→ Problem description: Leave the pictures out and quote every line from the start of the listing to the line with "dans ton avion.'", inclusive.

→ Data below:
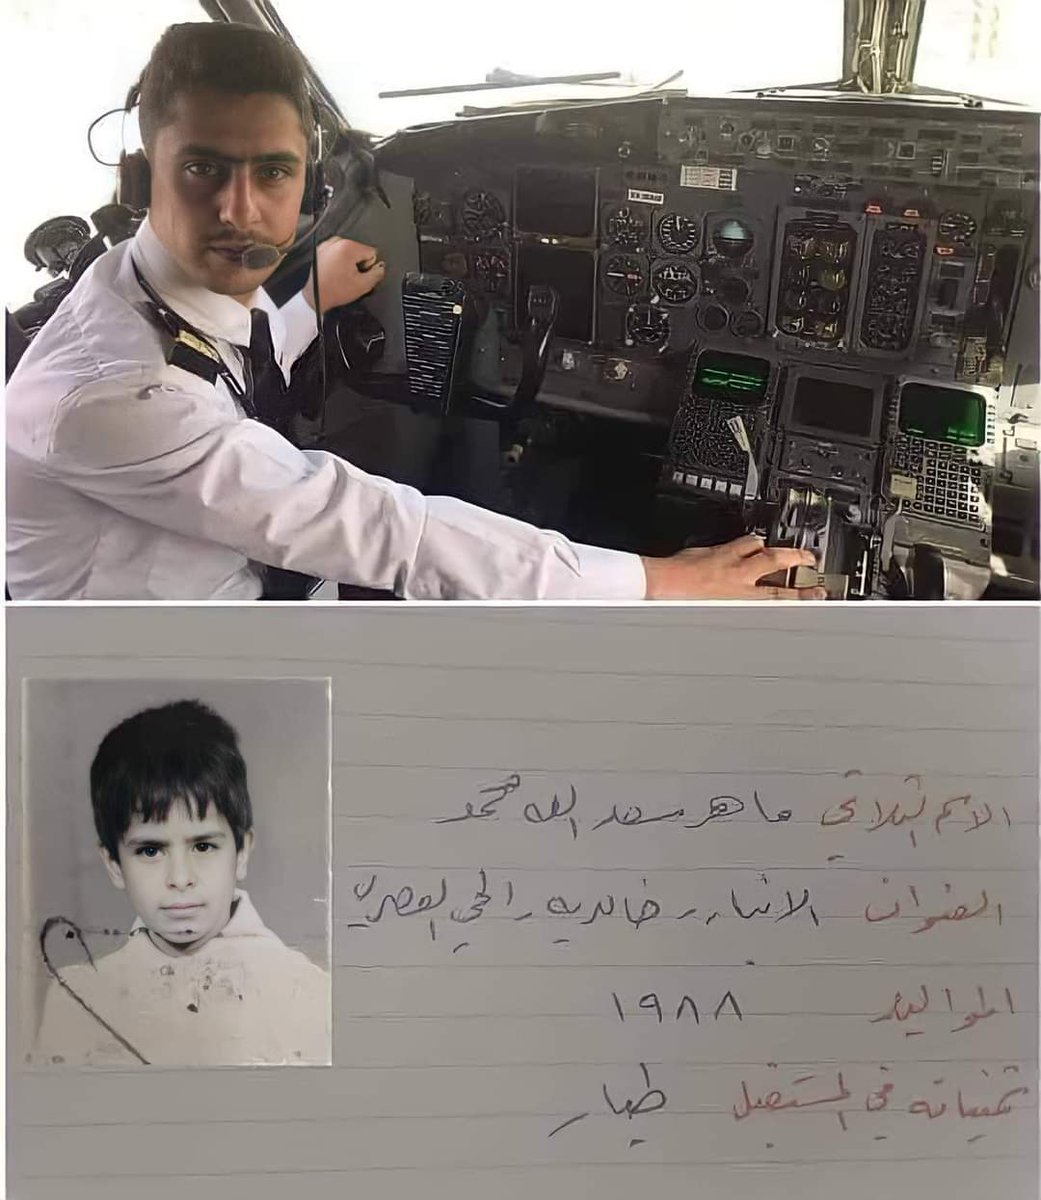 Un commandant de bord saoudien à mis cette photo en disant:

« Ma mère avait écrit dans mon école que mon futur métier serait pilote de ligne et elle me disait souvent dans les années 1990: 'Quand tu seras pilote, emmène-moi à #Makkah dans ton avion.'

Aujourd'hui, ma mère fait

→ Response to this task:
 Un commandant de bord saoudien à mis cette photo en disant:

« Ma mère avait écrit dans mon école que mon futur métier serait pilote de ligne et elle me disait souvent dans les années 1990: 'Quand tu seras pilote, emmène-moi à #Makkah dans ton avion.'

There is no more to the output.